28787
DISCUSSIONS
102055
MEMBERS
3161
ARTICLES
Created on 03-30-2018 03:35 AM - edited 09-16-2022 06:02 AM
Hello everyone!
I have a Kerberos based cluster where I need to schedule several Oozie workflows.
Normal sqoop and shell actions work fine, but I am having problems with sqoop actions that import data in hive tables (--hive-import).

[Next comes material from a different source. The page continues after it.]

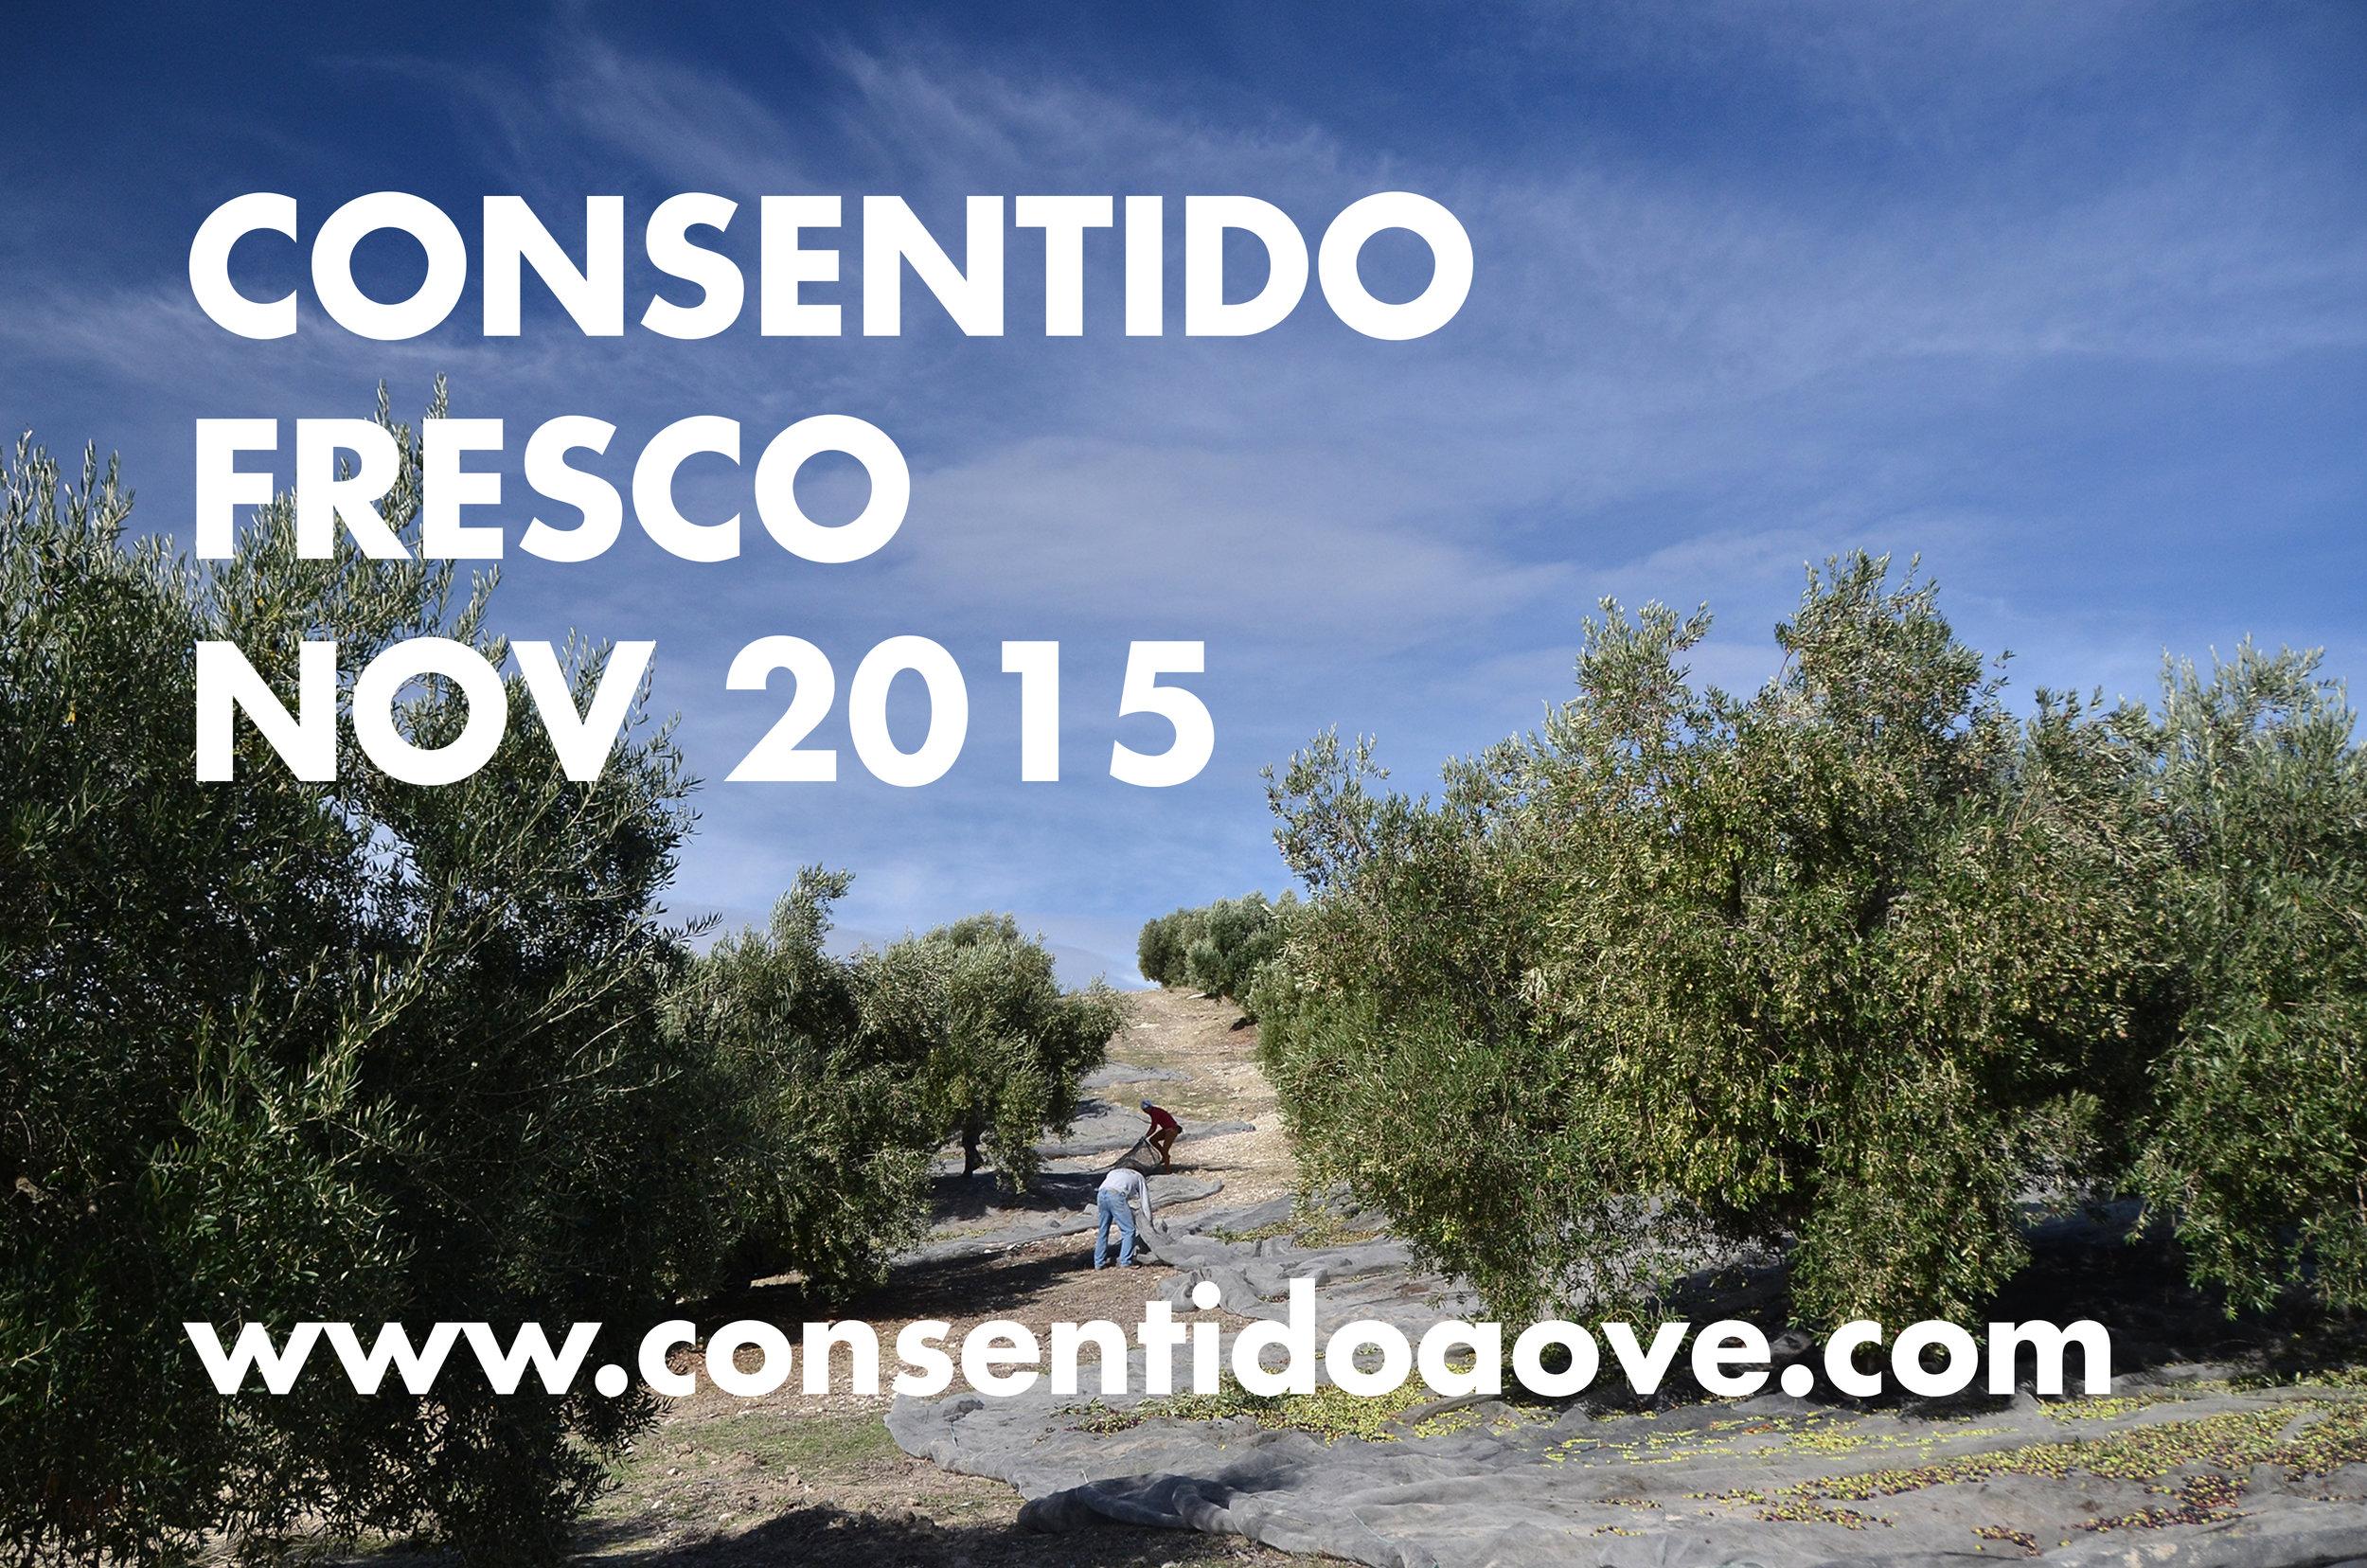 CONSENTIDO DSC_8895.jpg

I've tried to use hcat credentials in the workflow but I got the following error in Oozie web console:
JA009: org.apache.hive.hcatalog.common.HCatException : 9001 : Exception occurred while processing HCat request : TException while getting delegation token.. Cause : org.apache.thrift.transport.TTransportException
This is the workflow:
<workflow-app xmlns="uri:oozie:workflow:0.5" name="wf-hive"> <credentials> <credential name='hcat_credentials' type='hcat'> <property> <name>hcat.metastore.uri</name> <value>thrift://trmas-xxxxx.yyyy.local:9083</value> </property> <property> <name>hcat.metastore.principal</name> <value>hive/_HOST@XXXXX.LOCAL</value> </property> </credential> </credentials> <start to="HIVE_IMPORT"/> <action name="HIVE_IMPORT" cred="hcat_credentials"> <sqoop xmlns="uri:oozie:sqoop-action:0.2"> <job-tracker>${jobTracker}</job-tracker> <name-node>${nameNode}</name-node> <prepare> <delete path="hdfs://trmas-6b8bc78c.xxxxx.yyyy:8020/user/myuser/mytable"/> </prepare> <job-xml>hdfs://trmas-6b8bc78c.xxxxx.yyyy:8020/user/myuser/hive-site.xml</job-xml> <arg>import</arg> <arg>--connection-manager</arg> <arg>com.cloudera.connector.teradata.TeradataManager</arg> <arg>--connect</arg> <arg>jdbc:teradata://x.y.z.w/DATABASE=DLT01V</arg> <arg>--username</arg> <arg>username</arg> <arg>--password</arg> <arg>password</arg> <arg>--query</arg> <arg>SELECT * from mytable WHERE $CONDITIONS</arg> <arg>--split-by</arg> <arg>__temp__</arg> <arg>--hive-import</arg> <arg>--hive-table</arg> <arg>dbtest.mytable</arg> <arg>--num-mappers</arg> <arg>1</arg> <arg>--target-dir</arg> <arg>hdfs://trmas-6b8bc78c.xxxxx.yyyy:8020/user/myuser/mytable</arg> </sqoop> <ok to="END_NODE"/> <error to="KILL_NODE"/> </action> <kill name="KILL_NODE"> <message>${wf:errorMessage(wf:lastErrorNode())}</message> </kill> <end name="END_NODE"/> </workflow-app>
I am not sure how to valorize hcat.metastore.uri and hcat.metastore.principal properties...I have used the values of respectfully hive.metastore.uris and hive.metastore.kerberos.principal from the hive-site.xml, is this correct?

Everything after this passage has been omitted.